The CLASSPATH environment variable is not treated any differently from
the -classpath (or -cp) command-line option. That is, wildcards are
honored in all these cases. However, class path wildcards are not
honored in the Class-Path jar-manifest header.
Note: due to a known bug in java 8, the windows examples must use a backslash preceding entries with a trailing asterisk: https://bugs.openjdk.java.net/browse/JDK-8131329
Under Windows this works:
java -cp "Test.jar;lib/*" my.package.MainClass
and this does not work:
java -cp "Test.jar;lib/*.jar" my.package.MainClass
Notice the *.jar, so the * wildcard should be used alone.
On Linux, the following works:
java -cp "Test.jar:lib/*" my.package.MainClass
The separators are colons instead of semicolons.
We get around this problem by deploying a main jar file myapp.jar which contains a manifest (Manifest.mf) file specifying a classpath with the other required jars, which are then deployed alongside it.
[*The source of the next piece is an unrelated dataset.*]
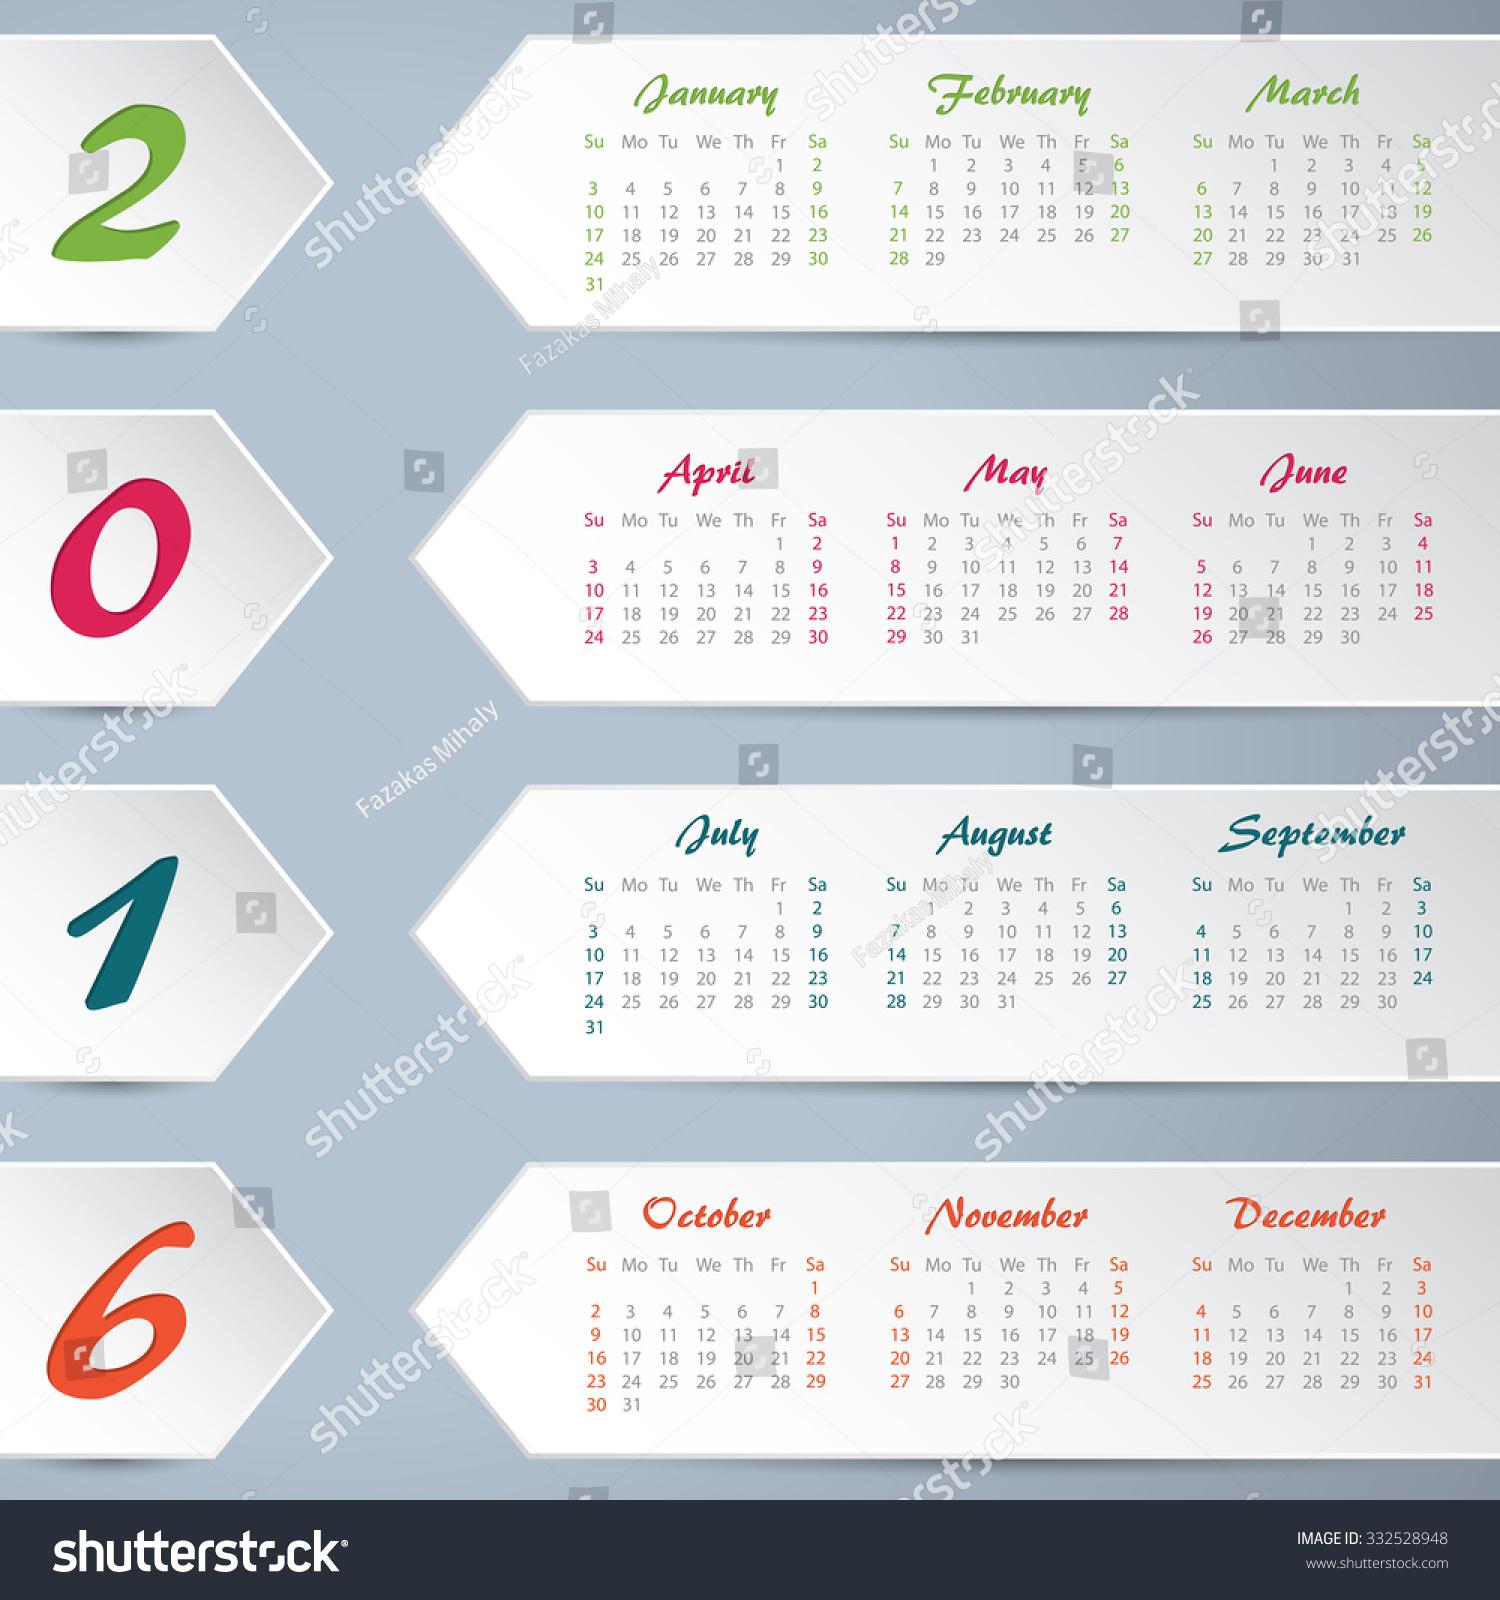 New Calendar Design : New calendar design white arrows stock vector

In this case, you only need to declare java -jar myapp.jar when running the code.
So if you deploy the main jar into some directory, and then put the dependent jars into a lib folder beneath that, the manifest looks like:
Manifest-Version: 1.0
Implementation-Title: myapp
Implementation-Version: 1.0.1
Class-Path: lib/dep1.jar lib/dep2.jar
NB: this is platform-independent - we can use the same jars to launch on a UNIX server or on a Windows PC.
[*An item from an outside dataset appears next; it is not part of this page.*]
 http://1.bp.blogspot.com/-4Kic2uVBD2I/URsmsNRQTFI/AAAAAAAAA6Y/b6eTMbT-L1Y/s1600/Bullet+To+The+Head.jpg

My solution on Ubuntu 10.04 using java-sun 1.6.0_24 having all jars in "lib" directory:
java -cp .:lib/* my.main.Class
If this fails, the following command should work (prints out all *.jars in lib directory to the classpath param)
java -cp $(for i in lib/*.jar ; do echo -n $i: ; done). my.main.Class
Short answer: java -classpath lib/*:. my.package.Program
Oracle provides documentation on using wildcards in classpaths here for Java 6 and here for Java 7, under the section heading Understanding class path wildcards. (As I write this, the two pages contain the same information.) Here's a summary of the highlights:
In general, to include all of the JARs in a given directory, you can use the wildcard * (not *.jar).
The wildcard only matches JARs, not class files; to get all classes in a directory, just end the classpath entry at the directory name.
The above two options can be combined to include all JAR and class files in a directory, and the usual classpath precedence rules apply. E.g. -cp /classes;/jars/*
The wildcard will not search for JARs in subdirectories.
The above bullet points are true if you use the CLASSPATH system property or the -cp or -classpath command line flags. However, if you use the Class-Path JAR manifest header (as you might do with an ant build file), wildcards will not be honored.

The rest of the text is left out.